It’s still that time of year, as many American continue their recovery from the traumas associated with Tax Day. What makes recovery doubly infuriating is that each year some liberal pundit or other will subject us to a lecture about how grateful we should be for the opportunity to pay our taxes. This year we received a two-fer: both Washington Post columnist E.J. Dionne Jr. and the Des Moines Register editorial board. With some variation, the lectures usually adhere to the following template:
1. Distort the position of conservatives.
According to the Register:
Victorious U.S. forces are turning their attention to creating a new government in Iraq.
Hey, wait a minute. Why bother?
What does Iraq need with a government? As Ronald Reagan famously said, “Government is not the answer to your problem. Government is the problem.”
Government is evil. Iraq would be better off without one.
No, we’re in favor low taxes and limited government. Our argument isn’t with the existence of government; it’s with the size. Government currently does way too much and, as a result, the tax burden is too high.
2. Indulge in a pathetic reductio ad absurdum.
Again, the Register:
If tax cuts are good for the economy, it follows that having no taxes would be even better.
That’s like saying since losing weight is good, being anorexic is great. Just as individuals have an ideal weight, government can impose an ideal tax burden. Currently, though, government is bloated and needs to be put on a diet of tax cuts.
3. Give a condescending reminder of the importance of government.
According to Dionne:
At this time of year, I am tempted to pick out the two dozen loudest anti-tax propagandists and send them a copy of one of the most important volumes of the last decade. In “The Cost of Rights: Why Liberty Depends on Taxes,” published in 1999, law professors Stephen Holmes and Cass Sunstein do a brilliant demolition job on the idea that taxes are inimical to freedom.
Holmes and Sunstein are not Marxists. They vigorously defend property rights and the value of a society that “encourages personal initiative, social cooperation and self-improvement.” But they also note that public programs commonly described as “redistributive” are essential to the social stability on which property owners depend. Welfare rights, they argue, “compensate the indigent for receiving less value than the rich from the rights ostensibly guaranteed equally to all Americans.” And, especially in the case of education, government expenditures promote both initiative and self-improvement.

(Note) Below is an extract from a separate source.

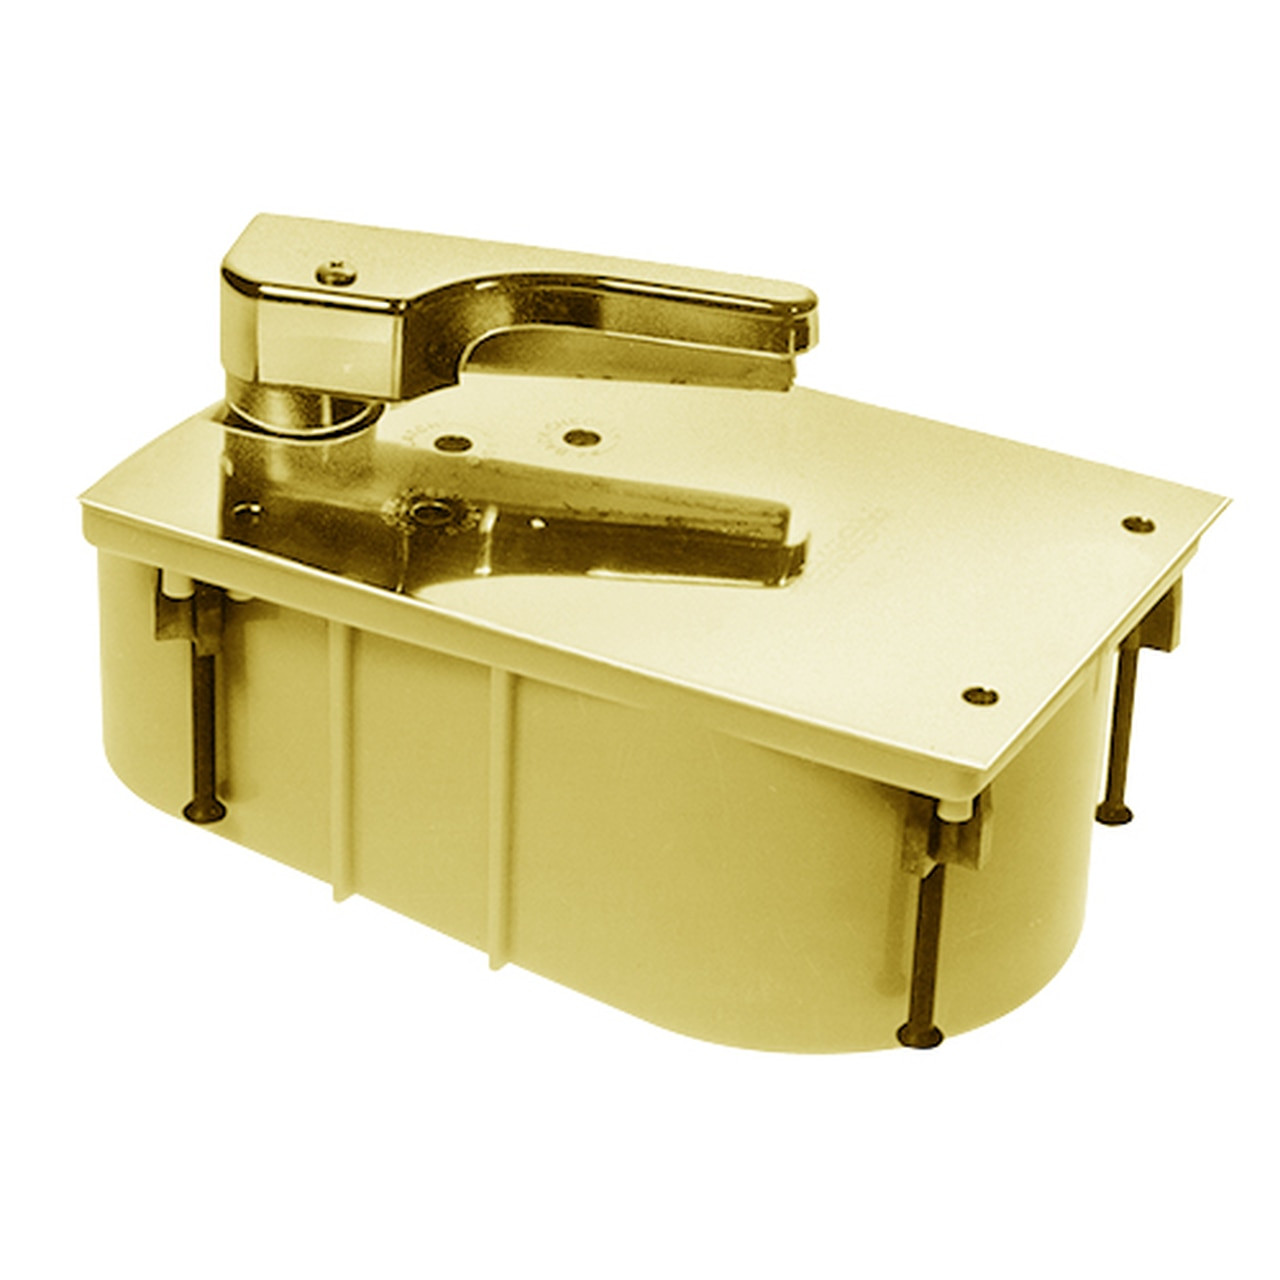 HM27-95N-LFP-LCC-LH-605 Rixson 27 Series Heavy Duty Offset Hung Floor Closer with HM Door and Frame Preps in Bright Brass Finish

I doubt that anyone who wrote a big check to the government in recent days will suddenly feel wonderful after contemplating how much the rights we enjoy depend on the taxes we pay. But they might at least consider that the old saw “freedom isn’t free” applies at least as much to paying taxes as it does to the other ways in which we protect and defend our liberties.
The welfare system compensates the indigent? The lesson of welfare reform appears to be that the welfare system worked to keep them indigent, preventing them from getting good “value” from their rights. Welfare is, rather, an example of government creating social instability.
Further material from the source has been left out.